Research Data - Broadly refers to the inputs or outputs required to evaluate, reproduce, or built upon the analyses or conclusions of a given research project. Throughout a research workflow, data may be categorized as “raw”, “intermediate”, or “final” products.

Research Workflow - The series of programmatic steps or practical ‘ways of doing things’ as data is collected, processed, and analyzed. Basically, where the research results came from.

Study Protocol - A formal document that describes every aspect of a research project, including motivations, SOPs, data management, and planned statistical analyses.

Usability - In the context of data management and sharing, this refers to an ability to open, understand, make use of, and build upon a set of data. In the context of biomedical science, “re-use” encompasses a large number of potential activities, including using a dataset for education and training (of both human researchers and algorithms), testing new hypotheses (which can involve combining multiple extant datasets), and more.

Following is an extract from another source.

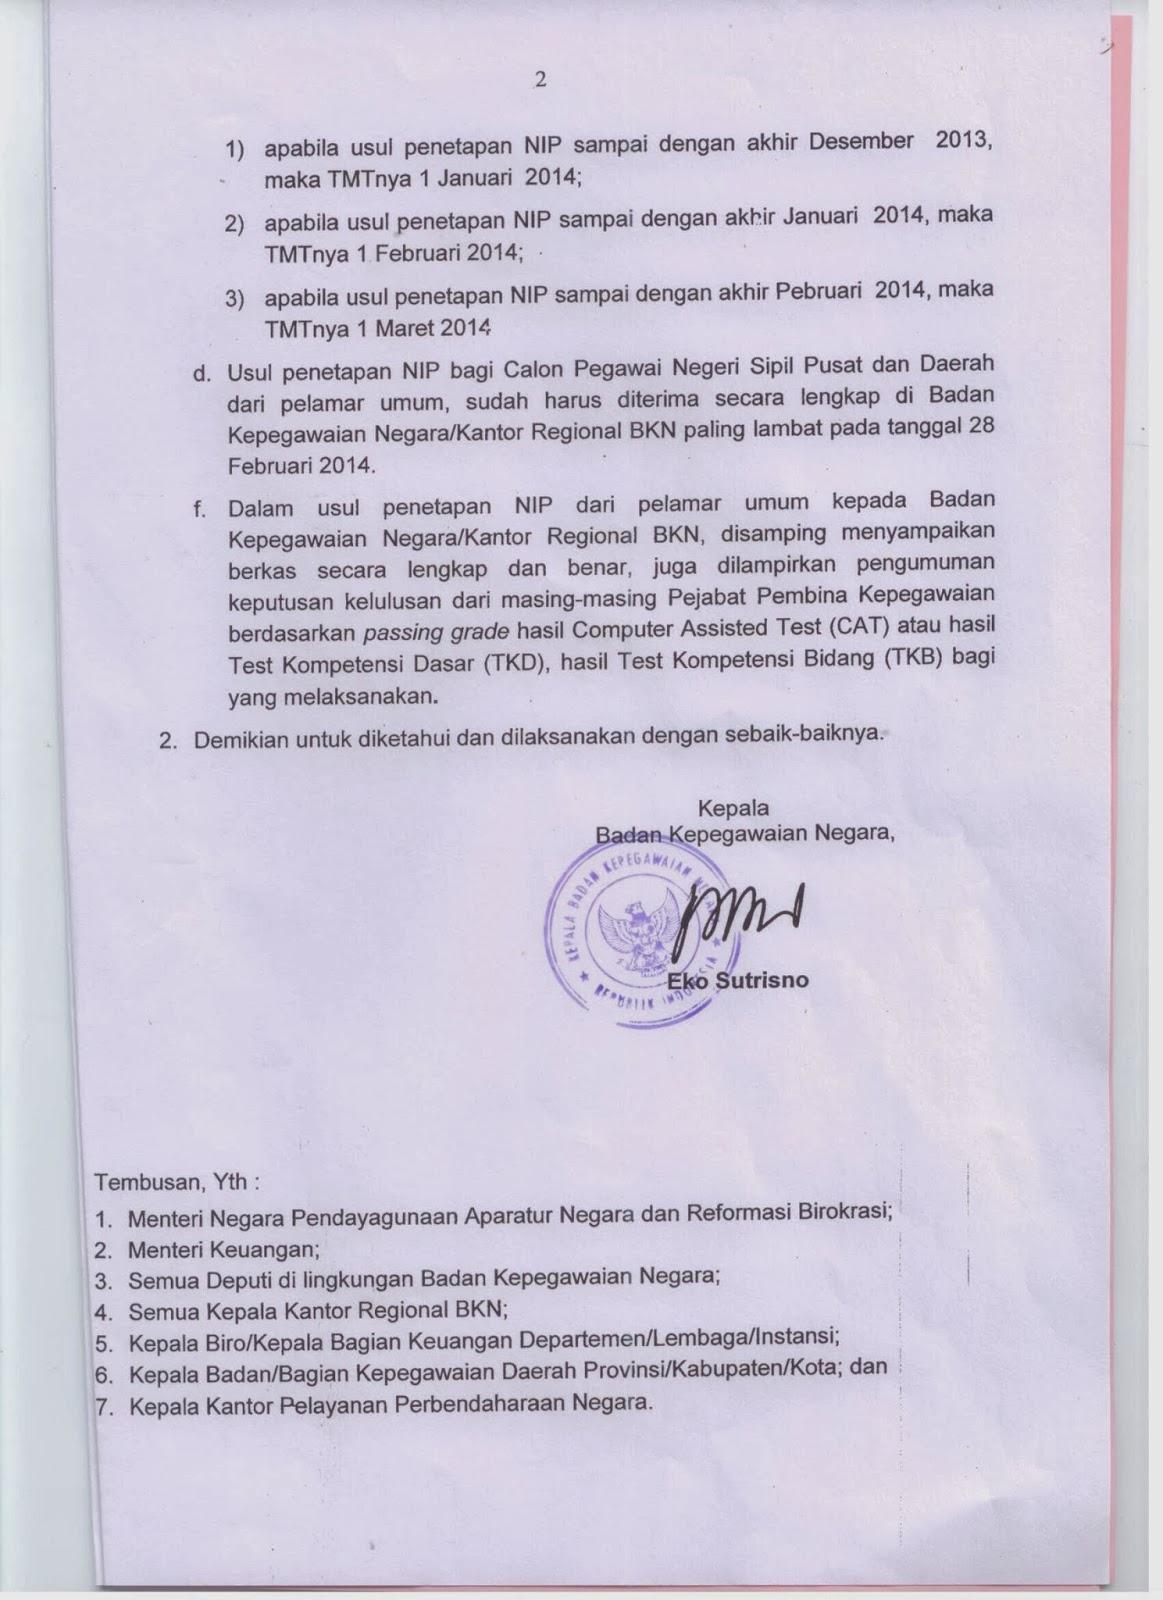 Lowongan Kerja Ngawi Februari 2013 Terbaru Pengumuman Pendaftaran Calon Bintara Pk Tni Au Agustus Pengumuman Kelulusan Cpns Honorer K2 Instansi Pusat Share The

Version Control - Systems that are responsible for managing changes in software and code, documents, and other sets of information. Can refer to tools like Git but also to more manual forms of keeping track of versions, such as using dates or version numbers in file names.

Working Data Storage Refers to the methods and media used to store data that is currently being actively worked on - data that is currently in the process of being transformed, analyzed, and evaluated. The goal of working data storage is immediate access and use.